## Provided entries
---

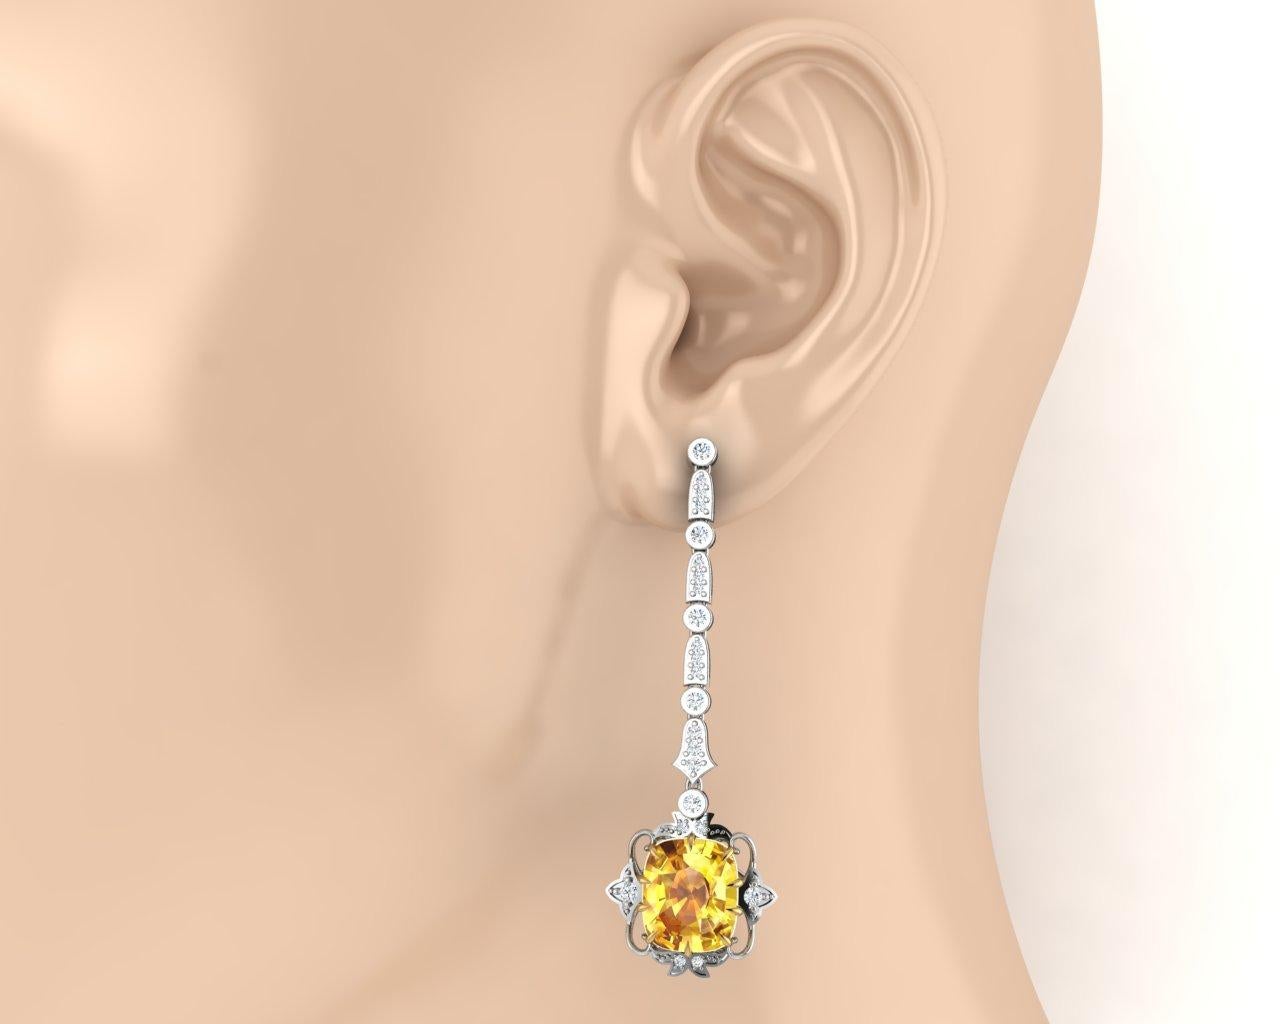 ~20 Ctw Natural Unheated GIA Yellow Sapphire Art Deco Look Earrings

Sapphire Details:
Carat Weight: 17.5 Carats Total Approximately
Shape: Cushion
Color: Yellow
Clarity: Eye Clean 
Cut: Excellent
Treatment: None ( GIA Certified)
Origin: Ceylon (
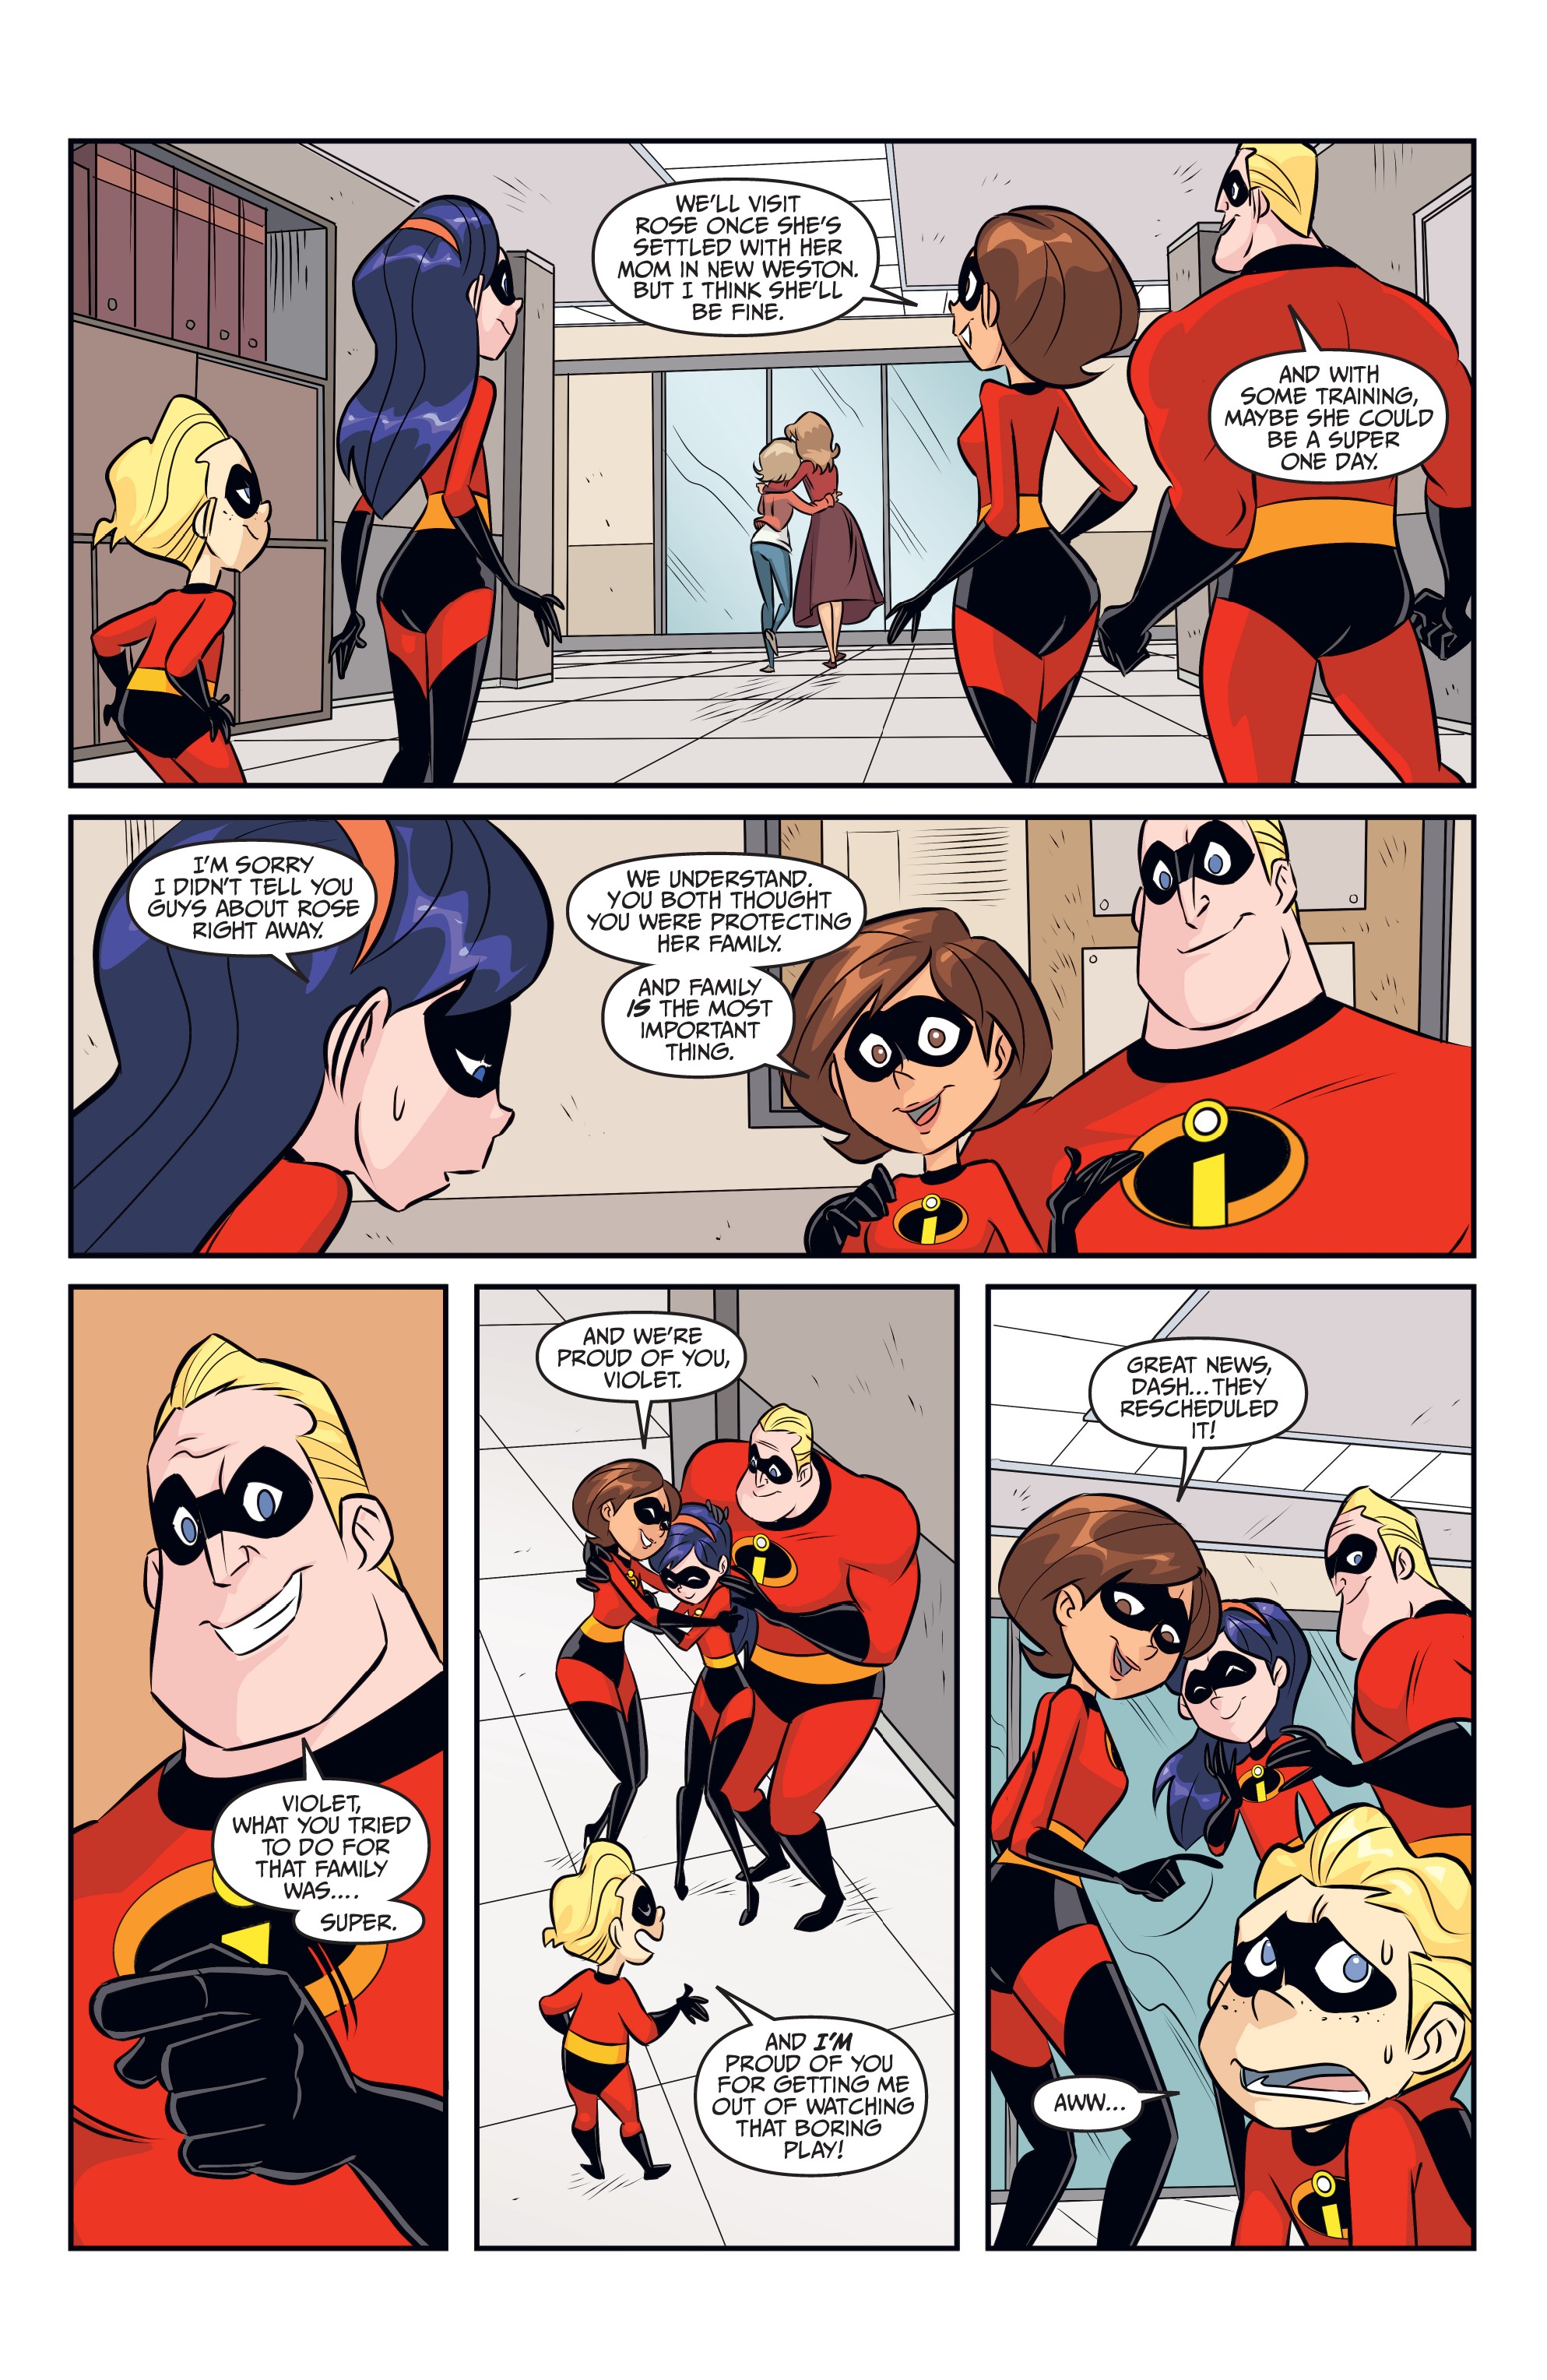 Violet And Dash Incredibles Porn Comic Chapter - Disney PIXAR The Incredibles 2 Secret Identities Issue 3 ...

---

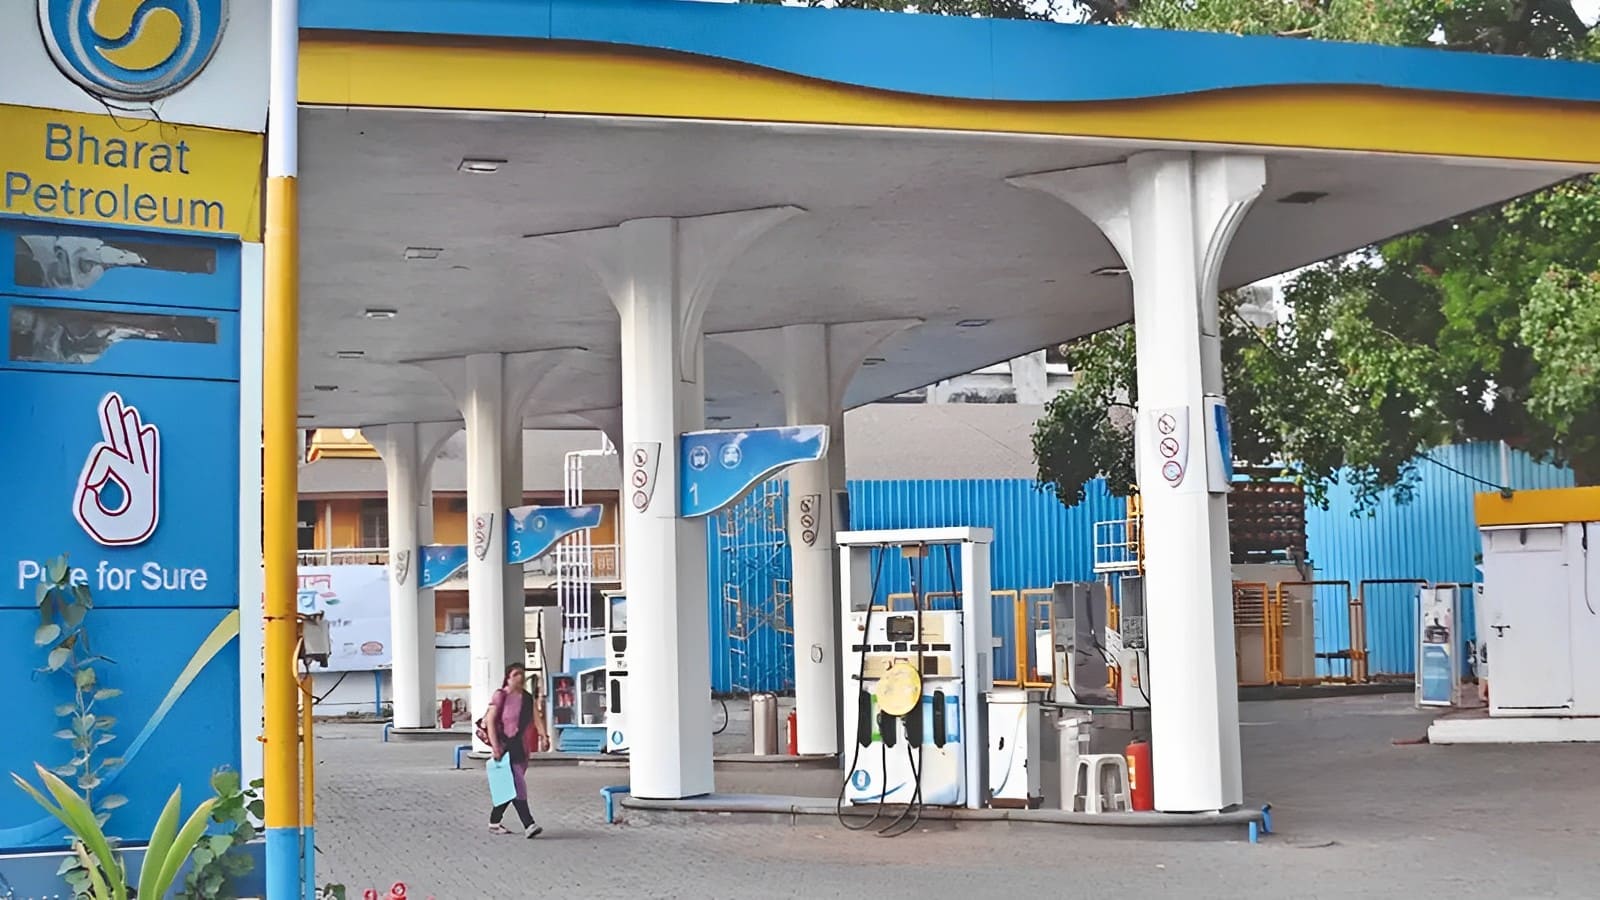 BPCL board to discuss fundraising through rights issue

---

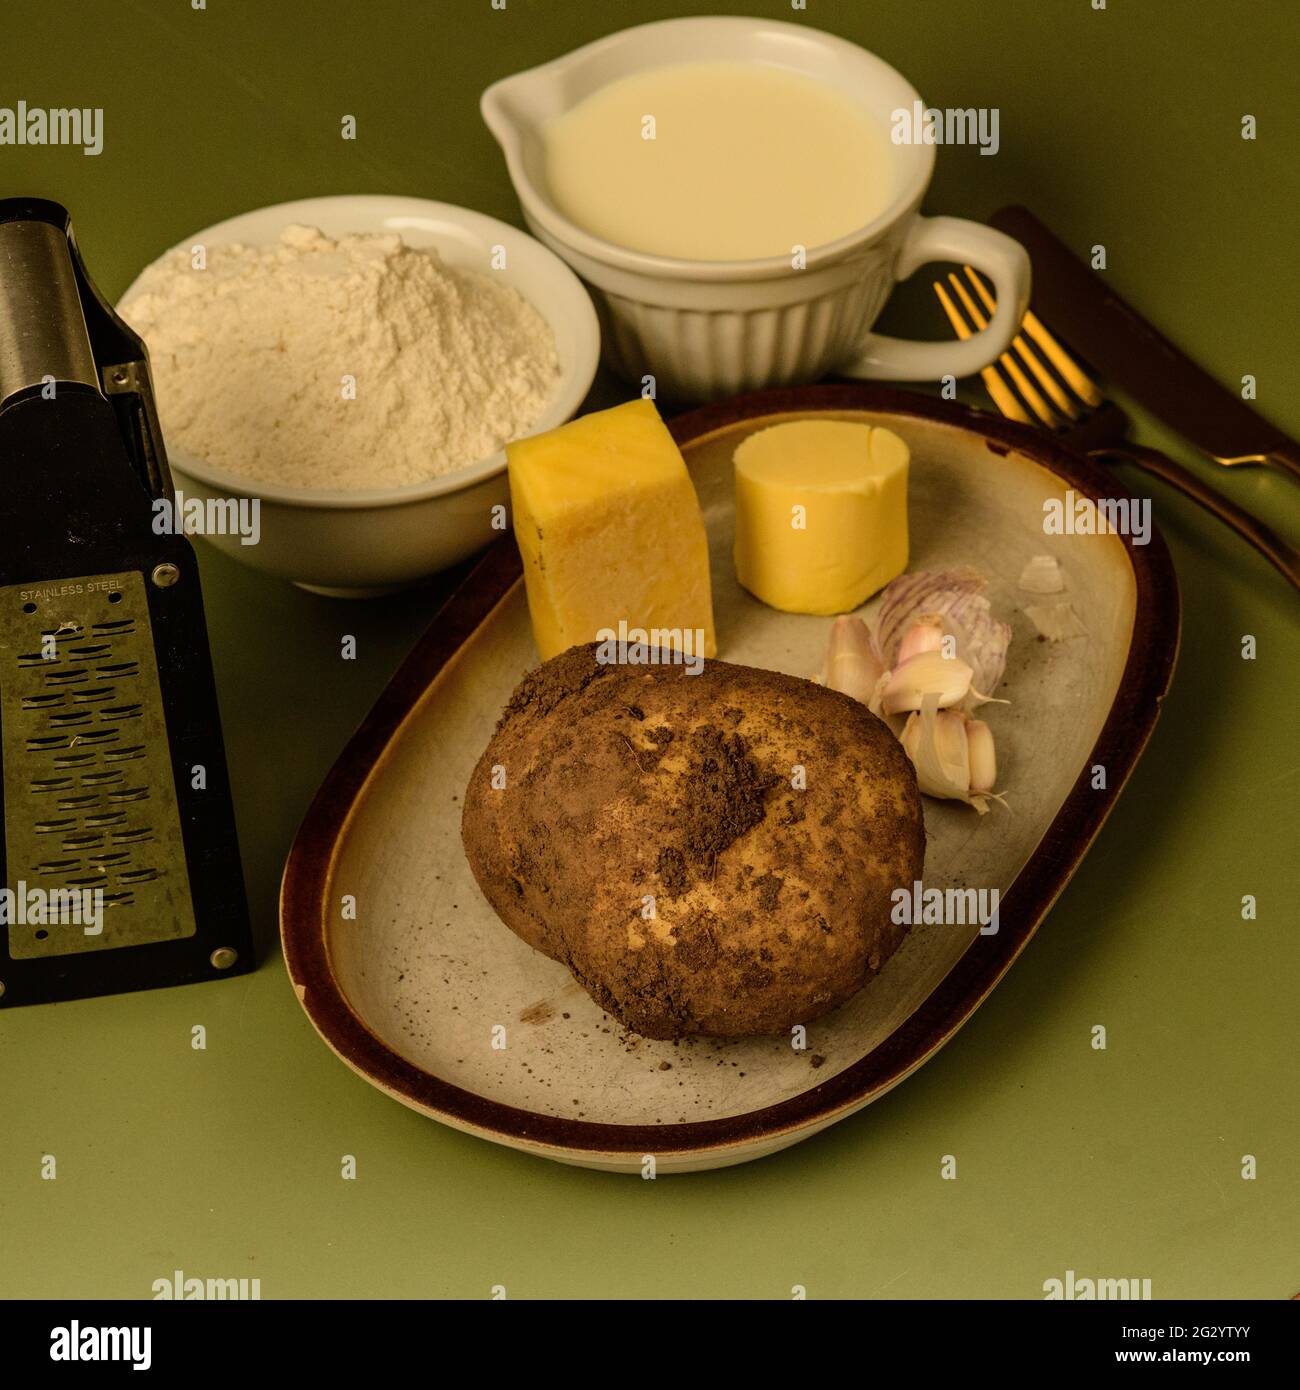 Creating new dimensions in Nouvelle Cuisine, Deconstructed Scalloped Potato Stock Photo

---

From the line containing "Deco Look Earrings" through the line containing "Violet And Dash", copy every line above exactly, without pictures.

 ~20 Ctw Natural Unheated GIA Yellow Sapphire Art Deco Look Earrings

Sapphire Details:
Carat Weight: 17.5 Carats Total Approximately
Shape: Cushion
Color: Yellow
Clarity: Eye Clean 
Cut: Excellent
Treatment: None ( GIA Certified)
Origin: Ceylon (
 Violet And Dash Incredibles Porn Comic Chapter - Disney PIXAR The Incredibles 2 Secret Identities Issue 3 ...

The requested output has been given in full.